American pharmaceutical industry executives

William D. Young is an American chemical engineer and pharmaceutical industry executive known for his contributions to enable industrial-scale manufacturing of recombinant proteins starting with Humulin. He is a senior advisor at Blackstone Life Sciences, a division of the global investment firm Blackstone Inc. focused on advancing innovative medicines and technologies.

== Early life and education ==
Bill Young was born in Wilkes-Barre, PA to Bill Young Sr, a Scottish immigrant, and Ruth Ringmacher. His father died when Young was four years old after which his mother moved to relatives in Louisville, KY, where Young grew up. Young earned a bachelor’s degree in chemical engineering from Purdue University College of Engineering in 1966. He went on to get an MBA from Indiana University in 1971. Young met his wife Sherry, a Canadian living in Puerto Rico, when working for Eli Lilly and Company in San Juan.

== Career ==
After graduating from Purdue in 1966, Young joined Eli Lilly and Company in Indianapolis as an entry-level engineer in the group working on injectable drugs. His mentor at Eli Lilly was Sam McCormick, the first chemical engineer hired by the company who led its department of biochemical engineering since 1957. At Lilly, Young helped planning and startup of its new antibiotics manufacturing facility and from 1975 moved to Puerto Rico to lead biochemical manufacturing development for the company's first plant in Puerto Rico. In 1978, Young moved back to Indianapolis to join the company's collaboration with a biotechnology startup Genentech working on human insulin production based on recombinant DNA technology.

In 1980, Young was recruited by Robert A. Swanson to join Genentech as its first director of manufacturing. Young became the Chief Operating Officer and oversaw the company’s development, operations, and commercial functions during a formative period in the biotechnology industry.
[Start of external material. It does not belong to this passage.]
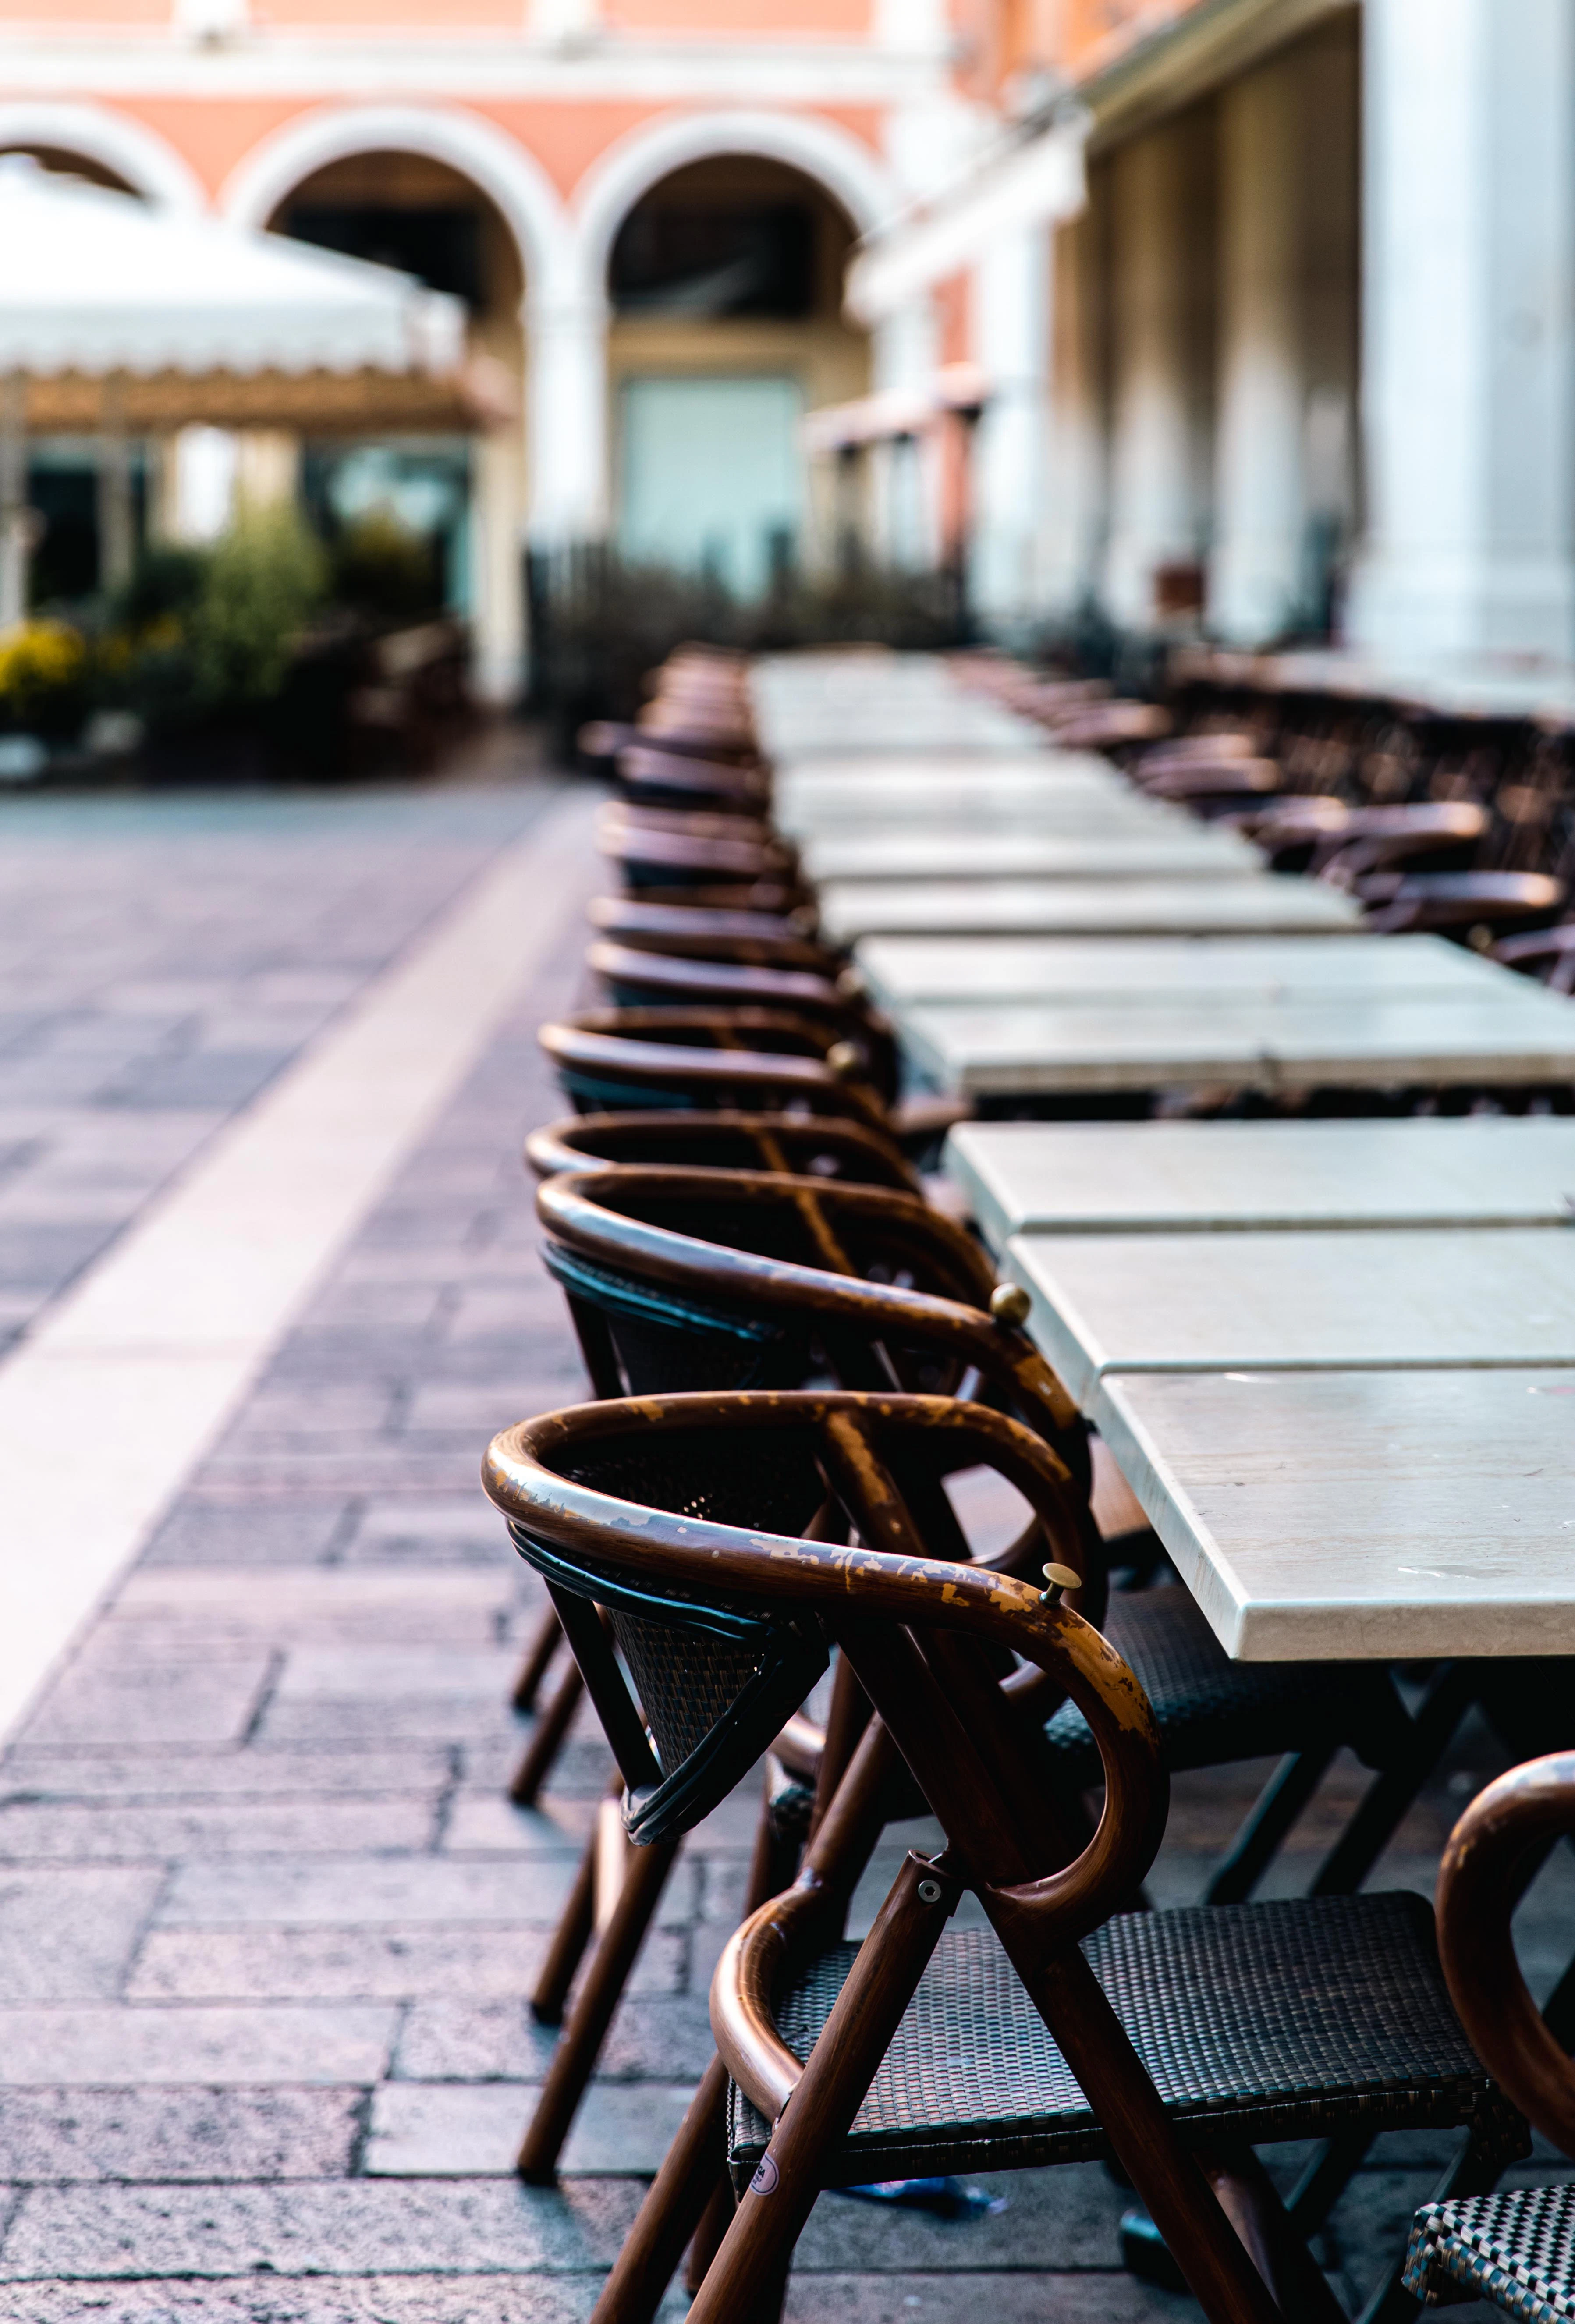 A line of empty tables and chairs in a piazza.
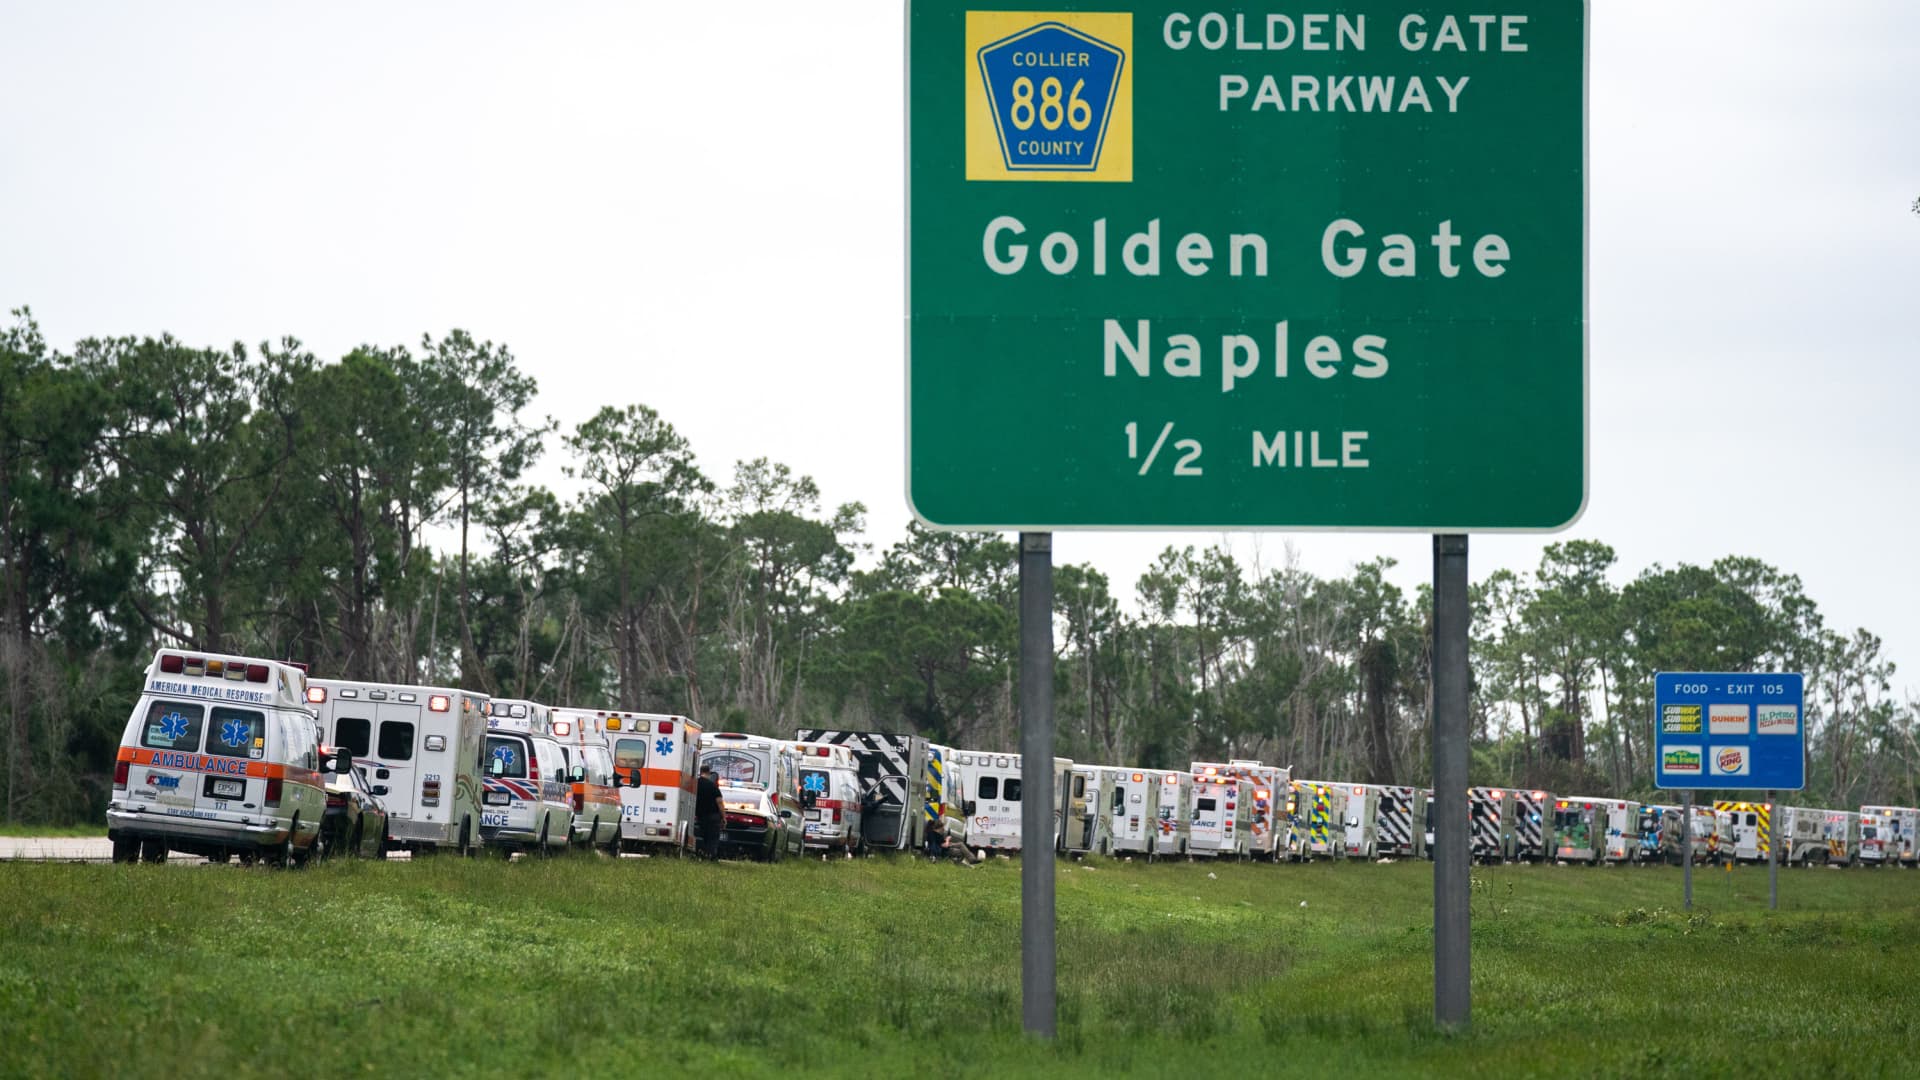 NAPLES, FL - SEPTEMBER 29: Ambulances line up on the shoulder after Hurricane Ian on September 29, 2022 in Naples, Florida. Hurricane Ian brought high winds, storm surge and rain to the area causing severe damage.(Photo by Sean Rayford/Getty Images)

Young has held several prominent roles throughout his career. He was Chairman of the Board of Biogen Inc. (NASDAQ: BIIB), a major biotechnology company specializing in neurological and autoimmune disorders. Prior to that, he was Chief Executive Officer of Monogram Biosciences, a company recognized for its contributions to personalized medicine. He led Monogram from 1999 until its acquisition by LabCorp in 2009.

== Honors ==
In 1993, he was elected to the National Academy of Engineering in recognition of his "leadership in research, development and manufacturing of recombinant proteins using recombinant DNA technology".
 Young was awarded an Honorary Doctorate in Engineering from Purdue University in 2000. In 2022, Purdue University established William D. and Sherry L. Young Institute for Advanced Manufacturing of Pharmaceuticals with a goal of "reducing costs and expanding access to innovative drugs emerging from biotechnology research".

== Public engagement ==
In May 2025, Young participated in the “Making Medicines in America” summit on Capitol Hill, organized by the Information Technology and Innovation Foundation (ITIF), Purdue University, and the National Institute for Pharmaceutical Technology and Education (NIPTE). The event focused on onshoring pharmaceutical manufacturing, strengthening the U.S. pharmaceutical supply chain and promoting AI-driven innovation in drug manufacturing. Young was featured as a panelist alongside other participants such as US Senator Todd Young and Eli Lilly and Company CEO David A. Ricks.